### EXERCISE DATA ###

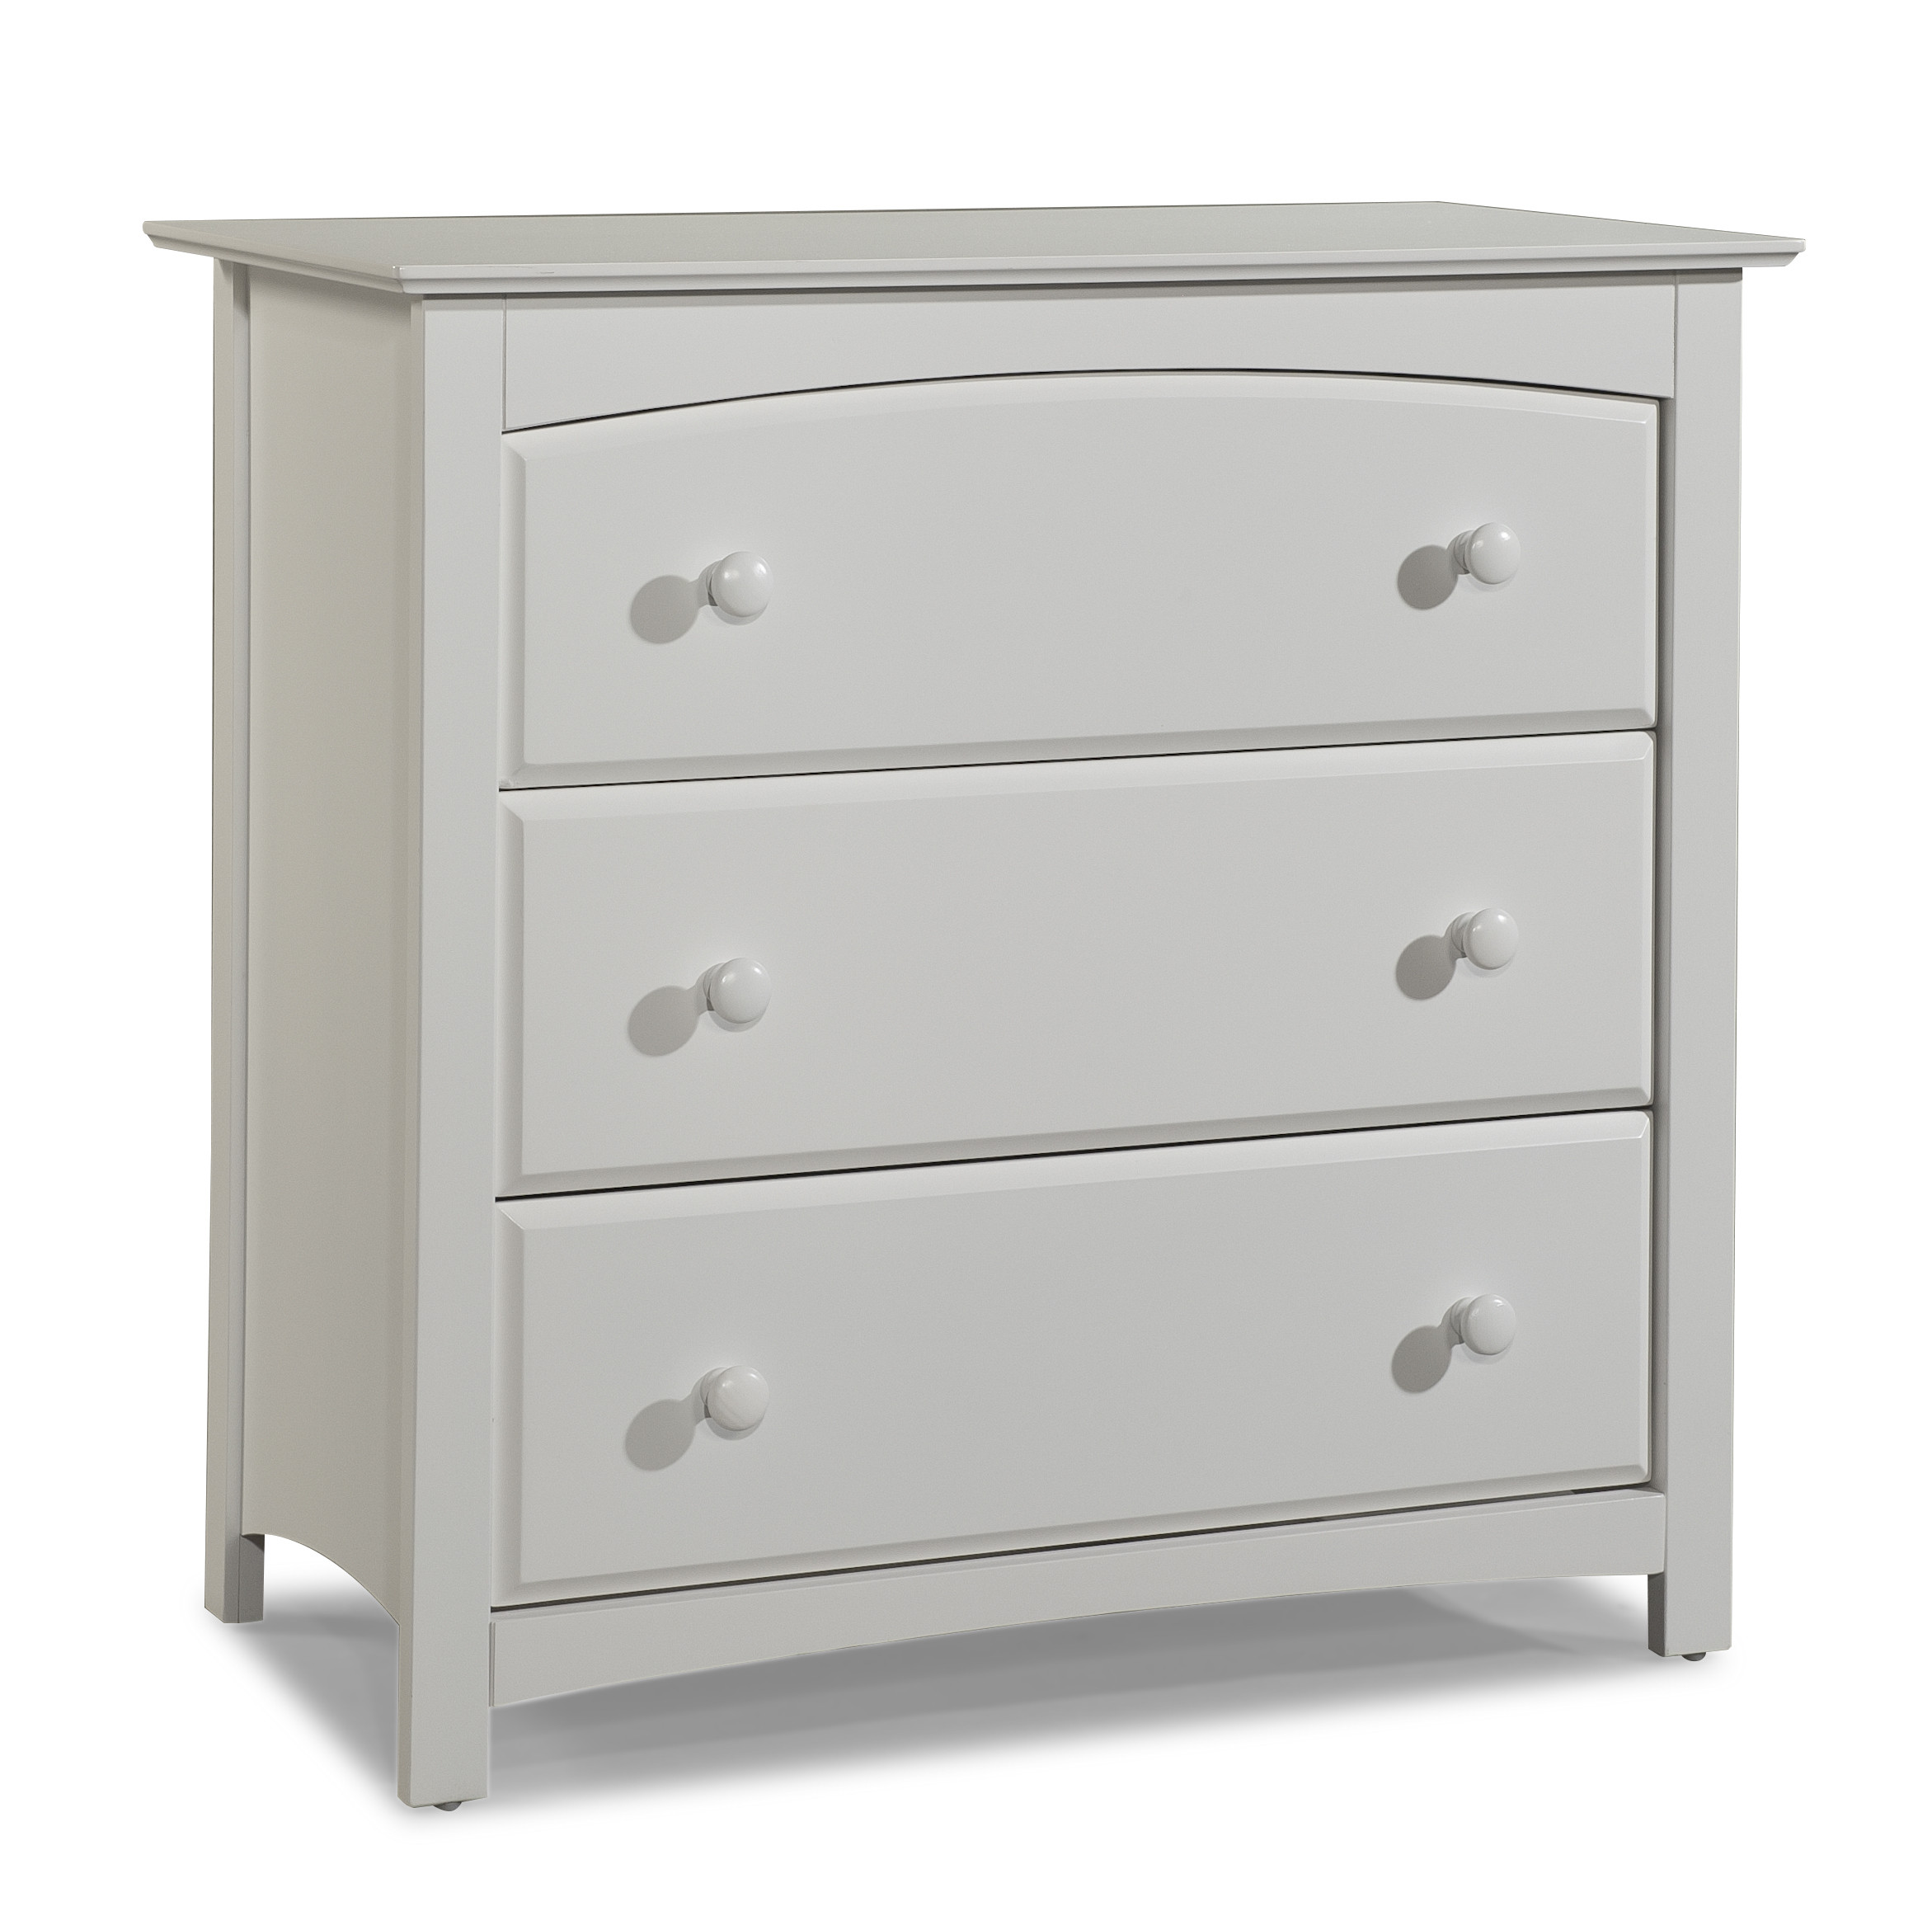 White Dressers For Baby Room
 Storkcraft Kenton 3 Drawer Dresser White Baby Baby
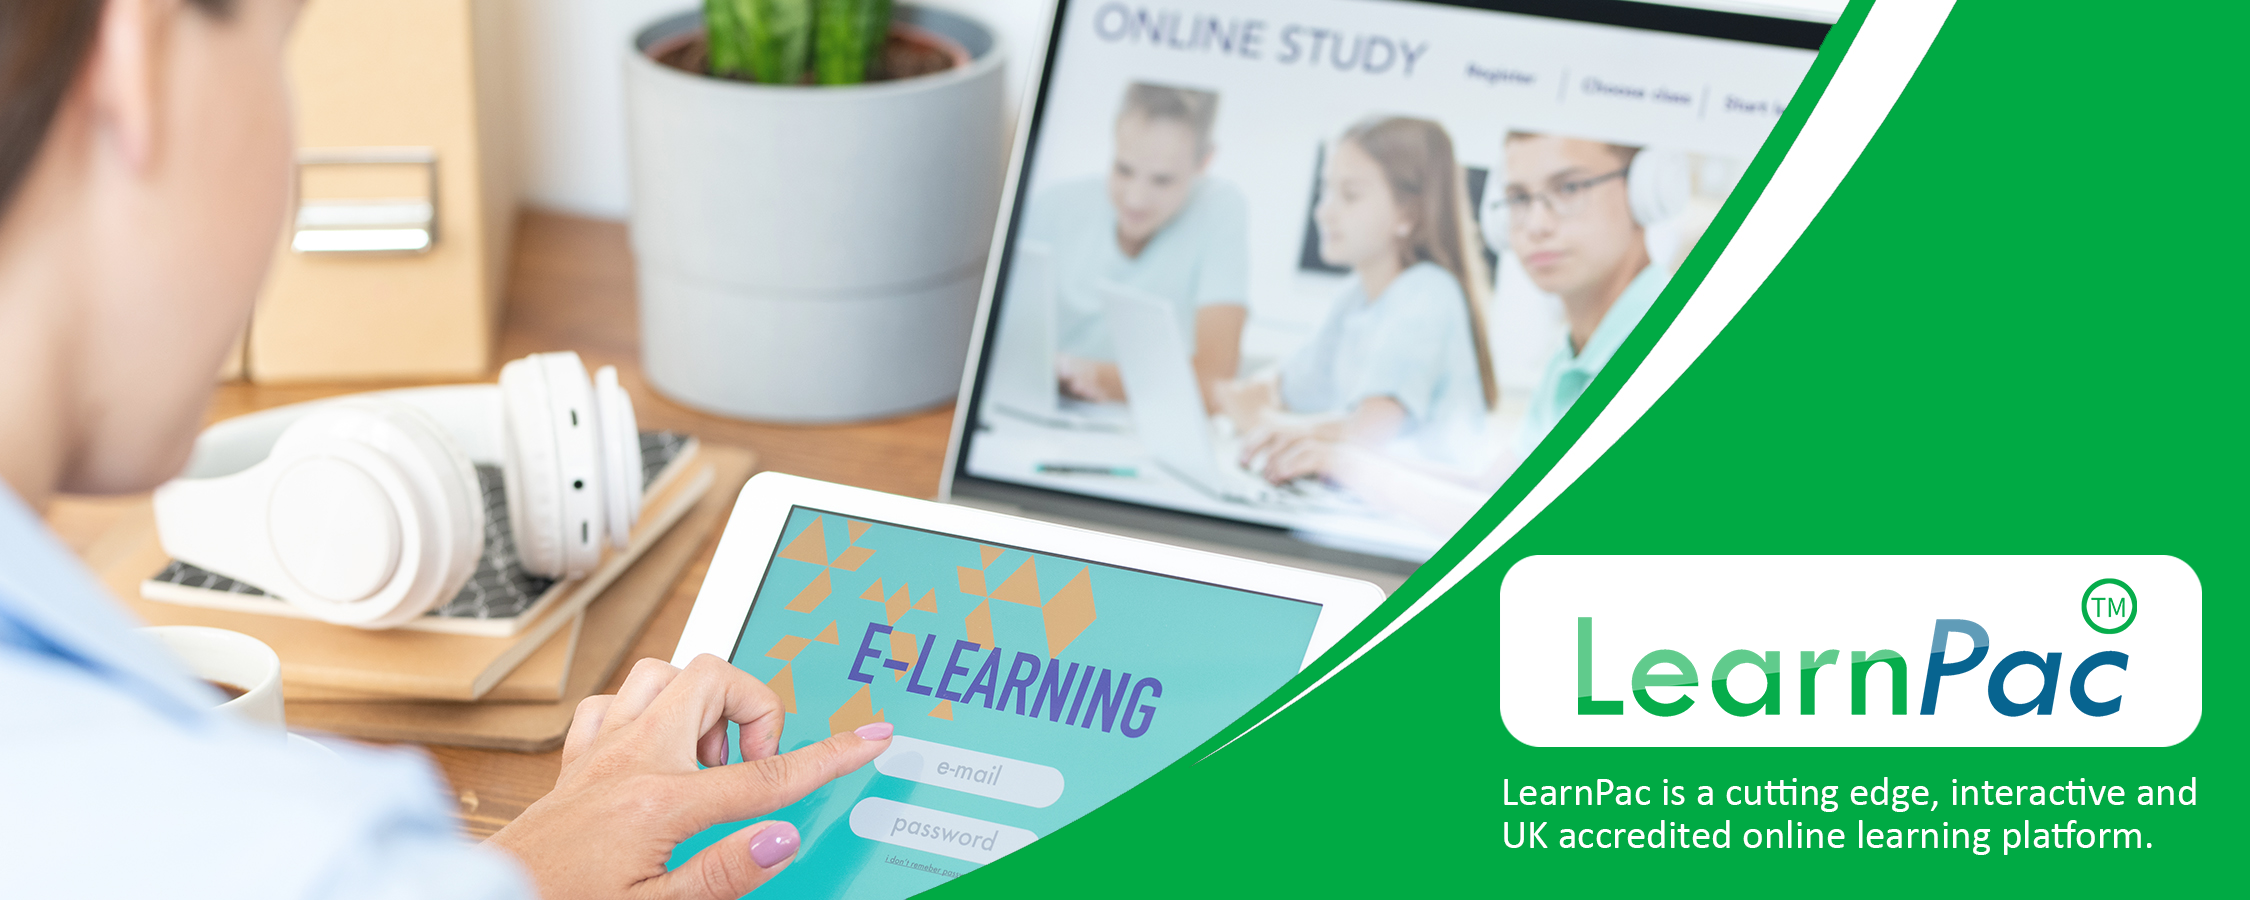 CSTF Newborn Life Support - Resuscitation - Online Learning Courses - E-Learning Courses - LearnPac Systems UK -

###

For the data above, return an exact copy that contains no pictures.

▶ _EXPECTED ANSWER_
 White Dressers For Baby Room
 Storkcraft Kenton 3 Drawer Dresser White Baby Baby
 CSTF Newborn Life Support - Resuscitation - Online Learning Courses - E-Learning Courses - LearnPac Systems UK -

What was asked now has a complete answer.